- **Records for this task**

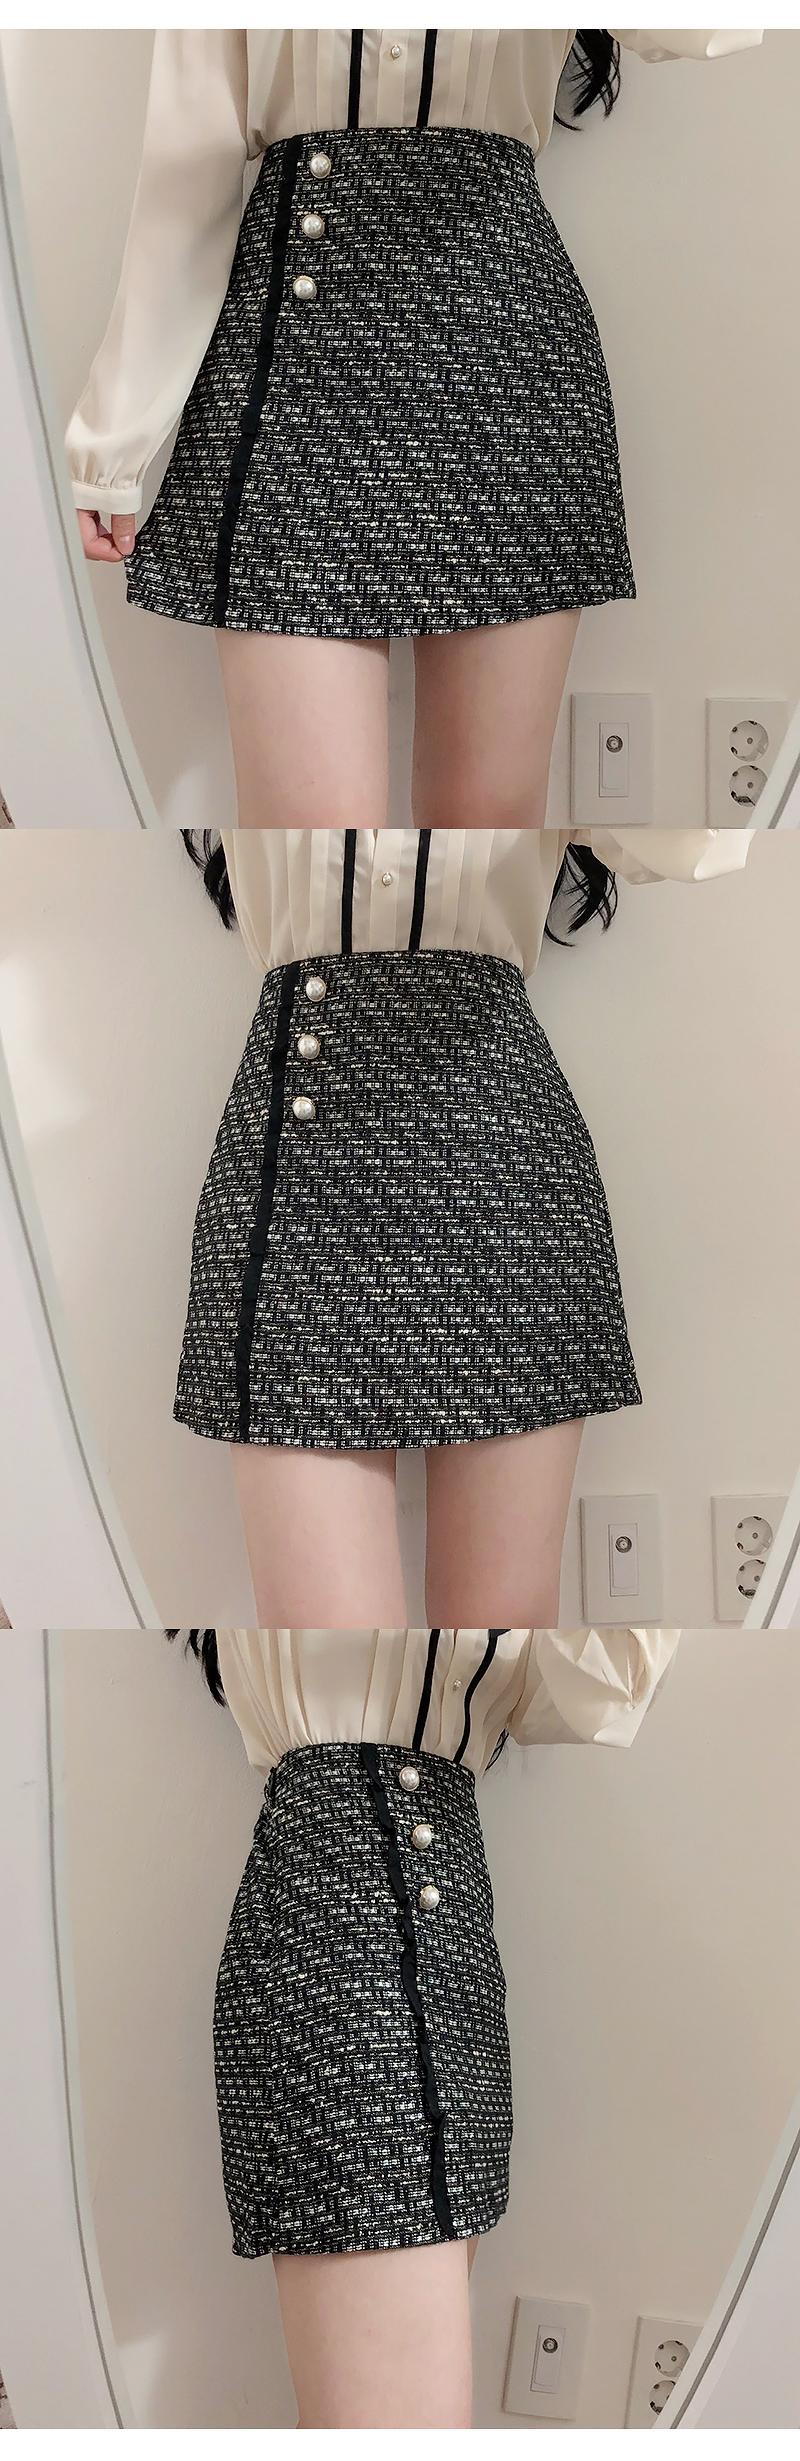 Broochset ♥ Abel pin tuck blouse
* * *
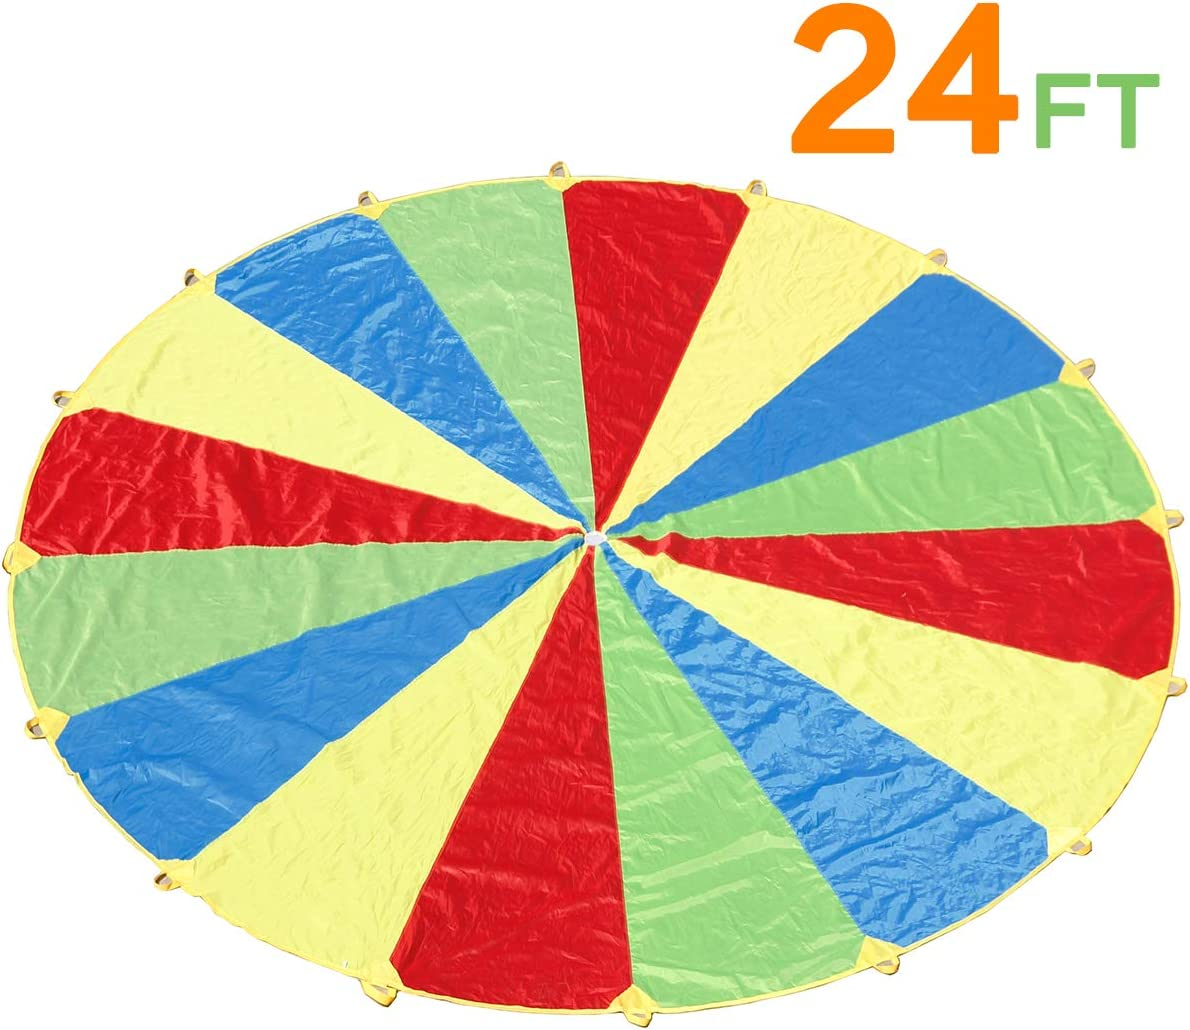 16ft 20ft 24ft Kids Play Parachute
--
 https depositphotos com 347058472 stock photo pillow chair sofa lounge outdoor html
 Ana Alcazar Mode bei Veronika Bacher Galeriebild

- **What is required**
Copy out each line of the data above, exactly, if it lies between the line holding "https depositphotos com" and the line holding "Ana Alcazar Mode", inclusive; copy no other line.

- **Task response**
 https depositphotos com 347058472 stock photo pillow chair sofa lounge outdoor html
 Ana Alcazar Mode bei Veronika Bacher Galeriebild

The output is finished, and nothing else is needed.